**Task inputs:**
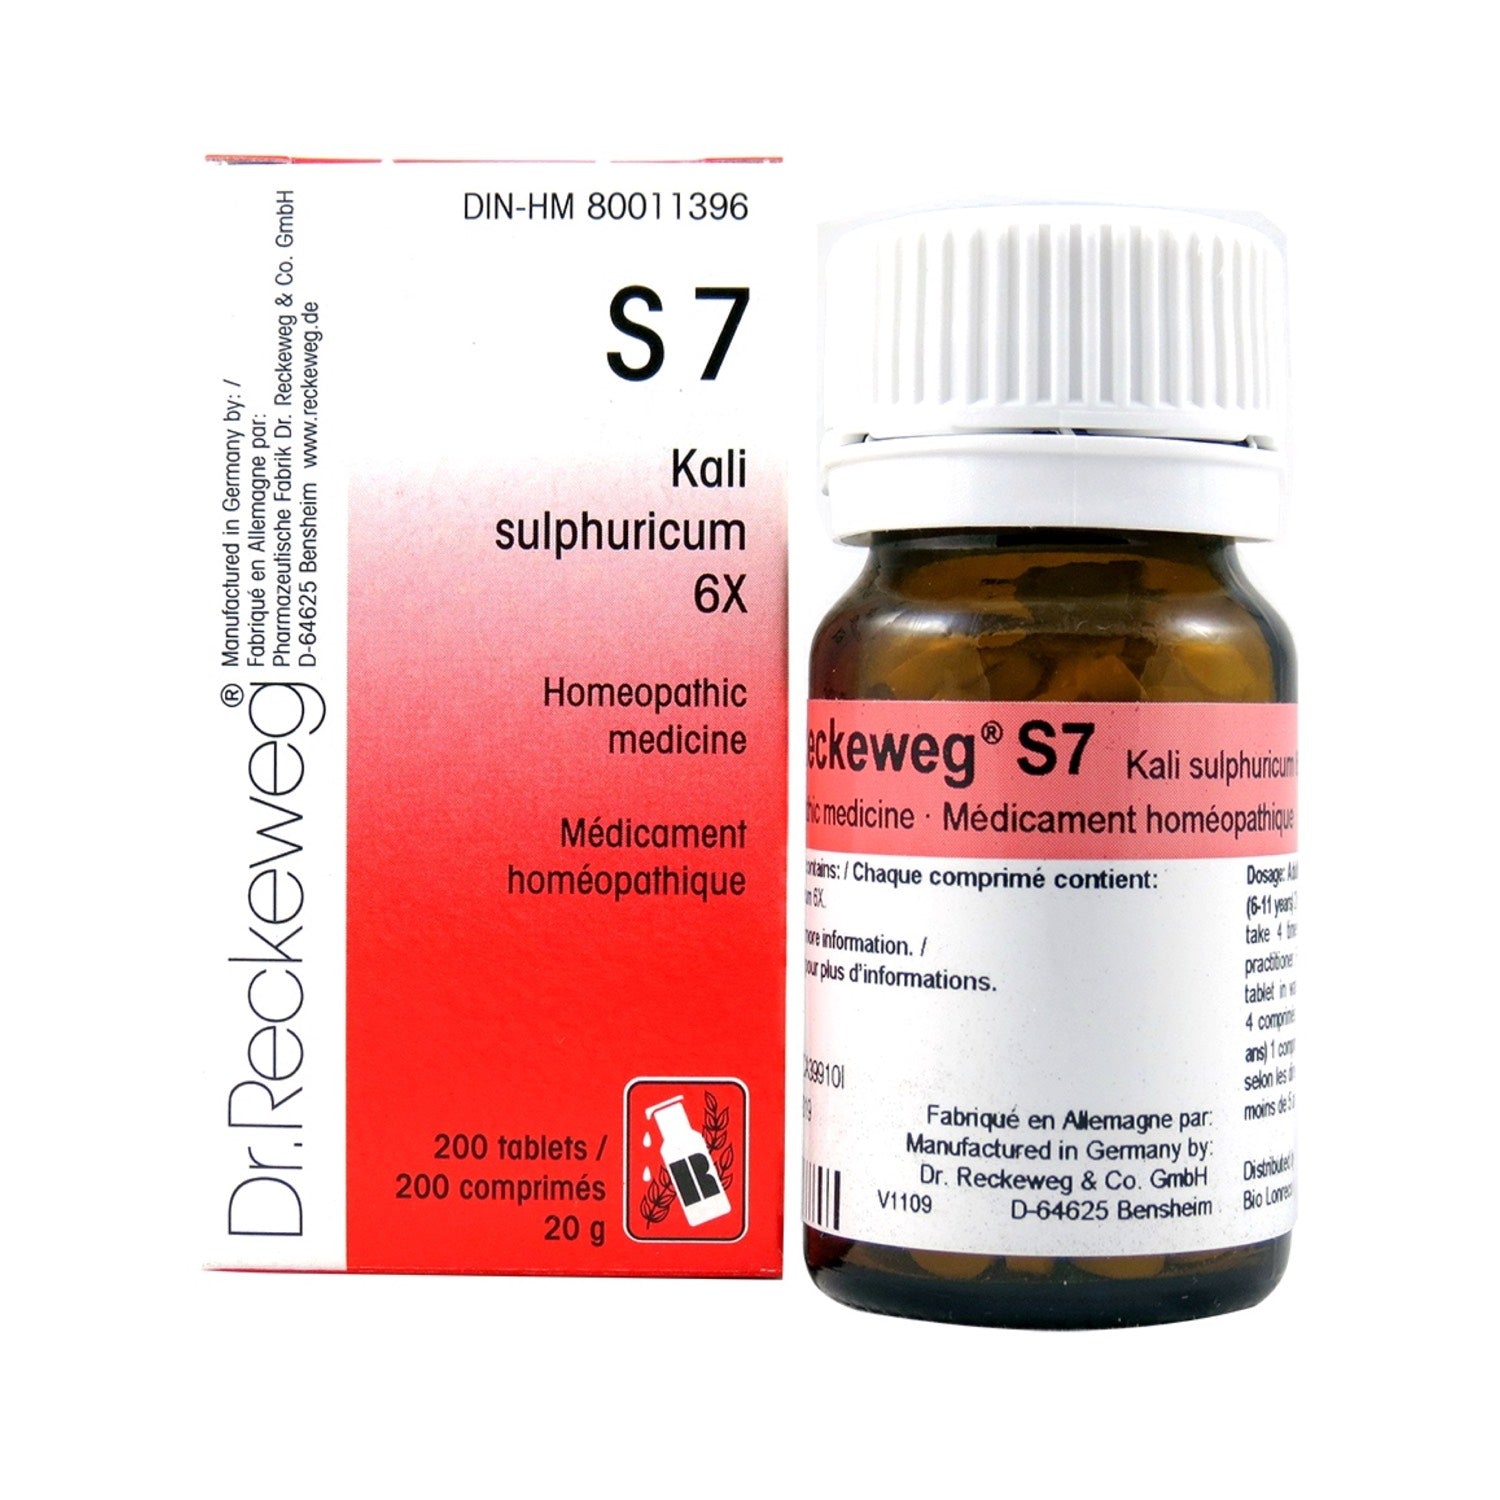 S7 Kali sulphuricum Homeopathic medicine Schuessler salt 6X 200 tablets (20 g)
---
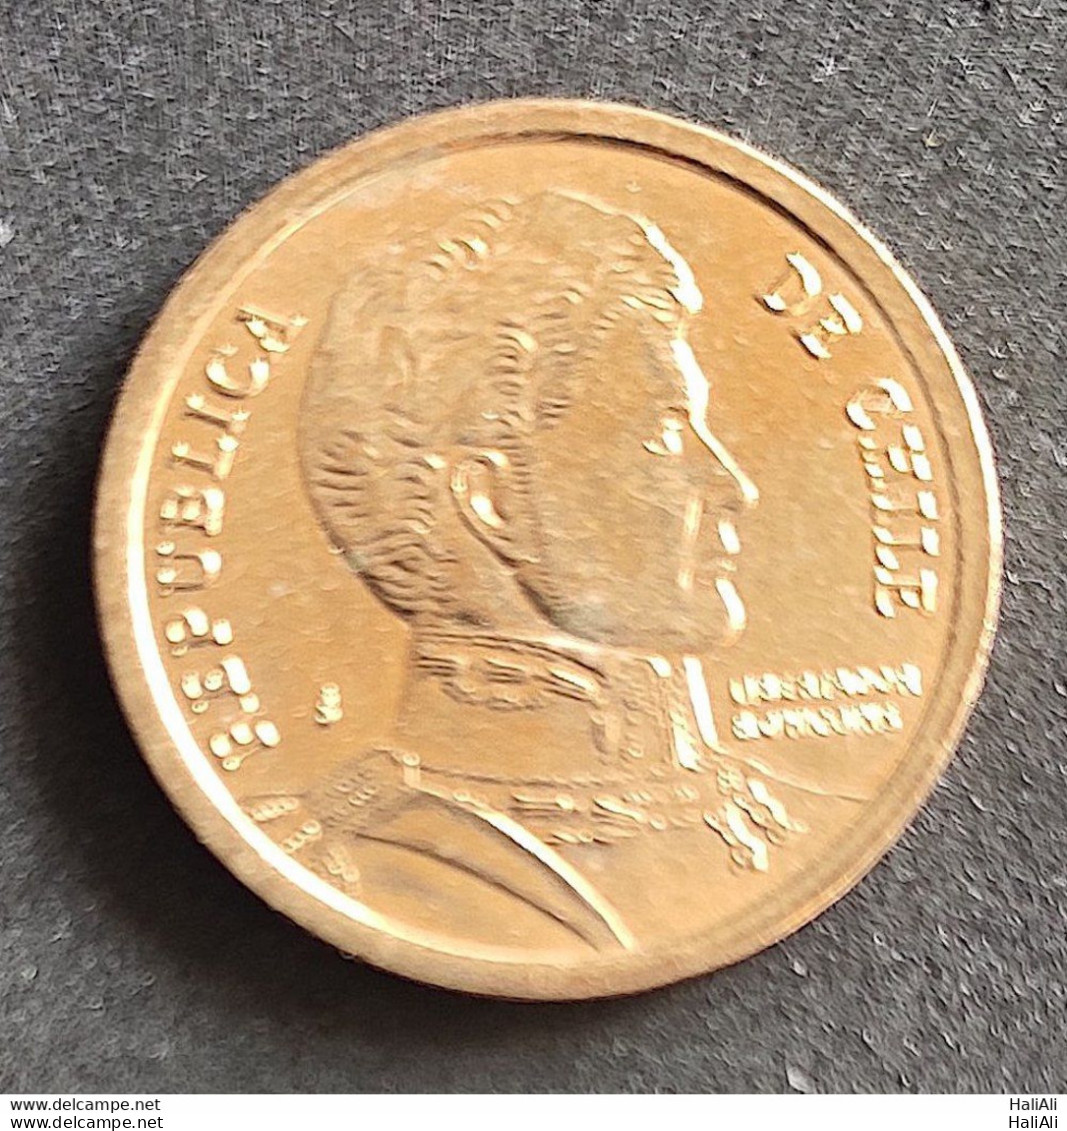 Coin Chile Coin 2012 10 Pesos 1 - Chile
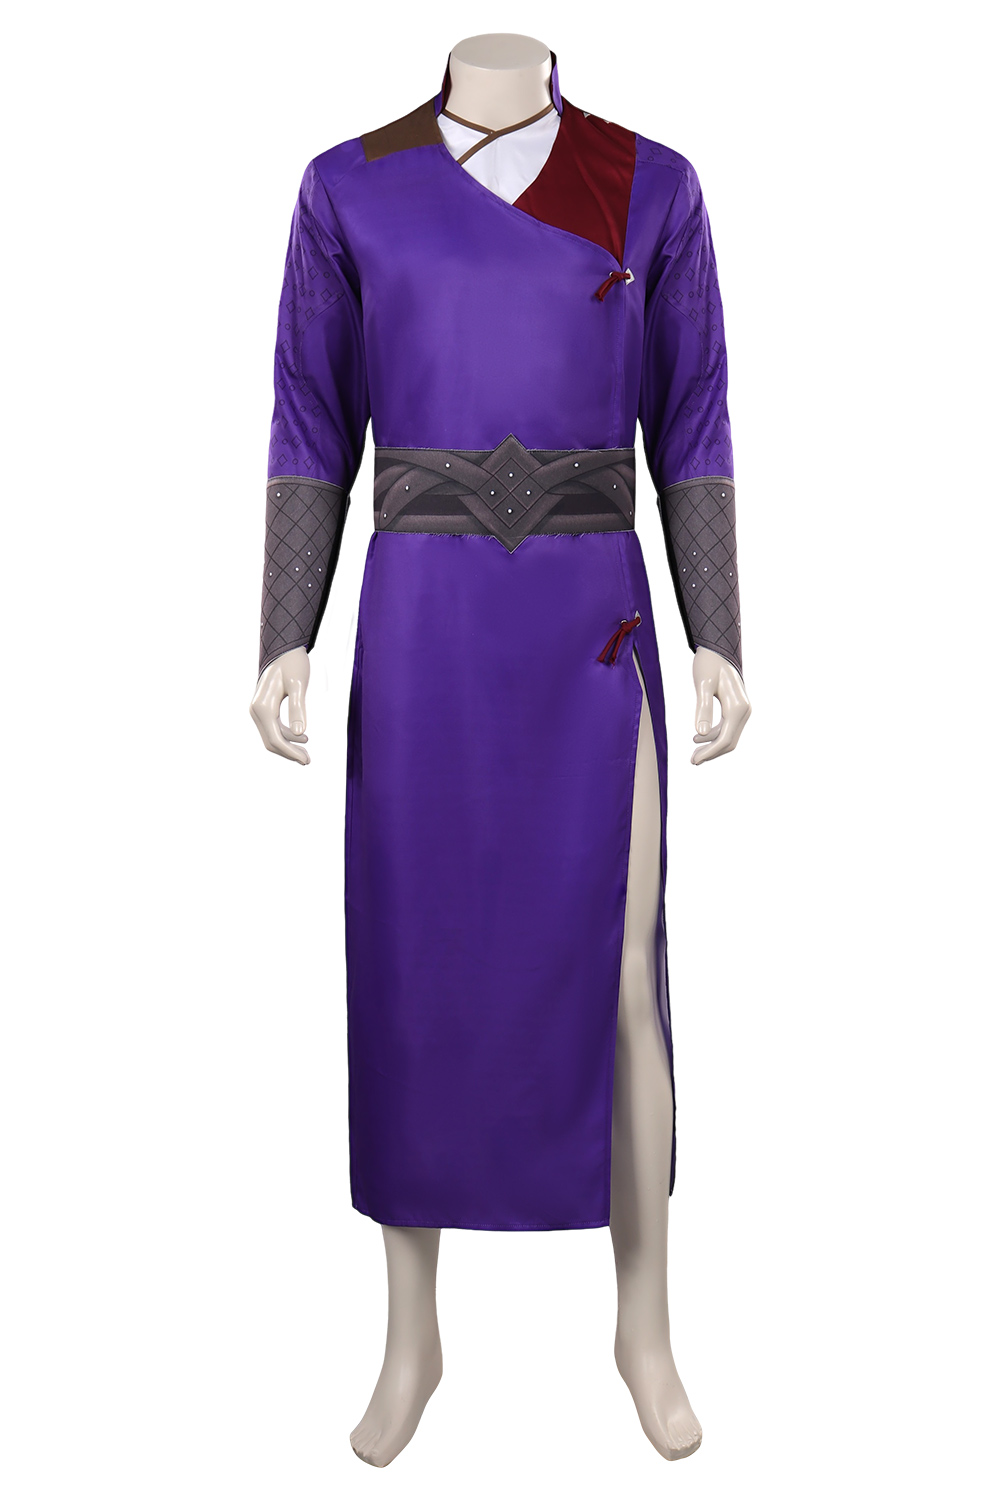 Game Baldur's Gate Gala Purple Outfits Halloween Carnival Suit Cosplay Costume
==
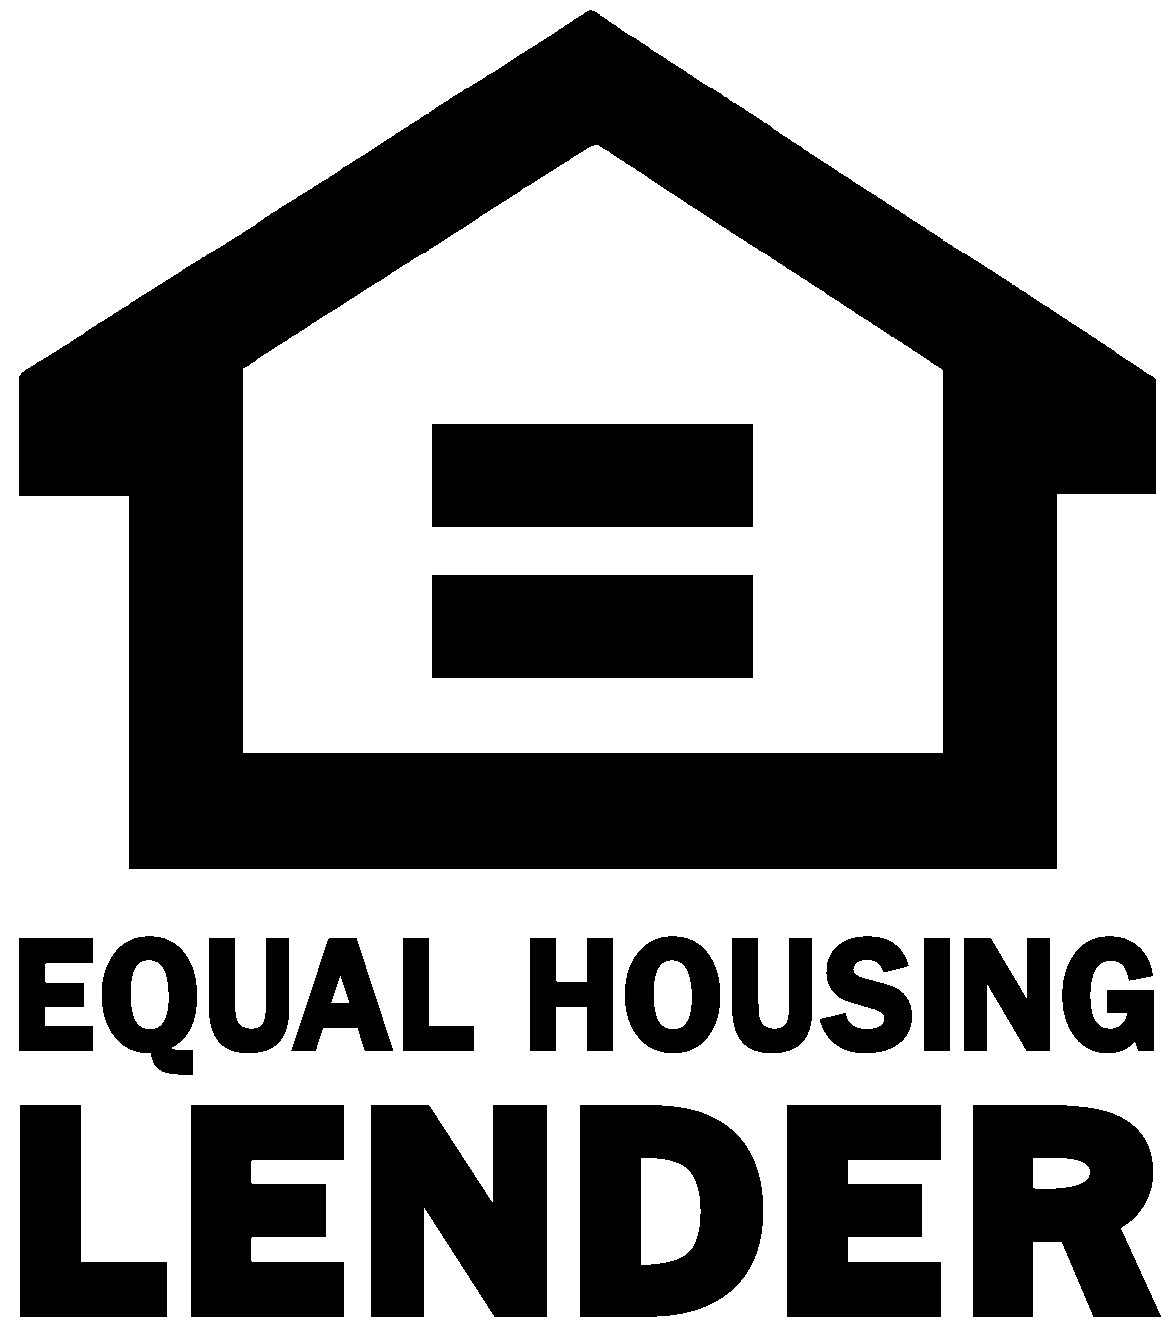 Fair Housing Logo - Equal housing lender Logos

**Description of the task:** Everything above from the line containing "Coin Chile Coin 2012 10 Pesos 1 - Chile" down to the line containing "Game Baldur's Gate" is to be duplicated exactly, both lines included, and the pictures are to be omitted.

**Response:**
 Coin Chile Coin 2012 10 Pesos 1 - Chile
 Game Baldur's Gate Gala Purple Outfits Halloween Carnival Suit Cosplay Costume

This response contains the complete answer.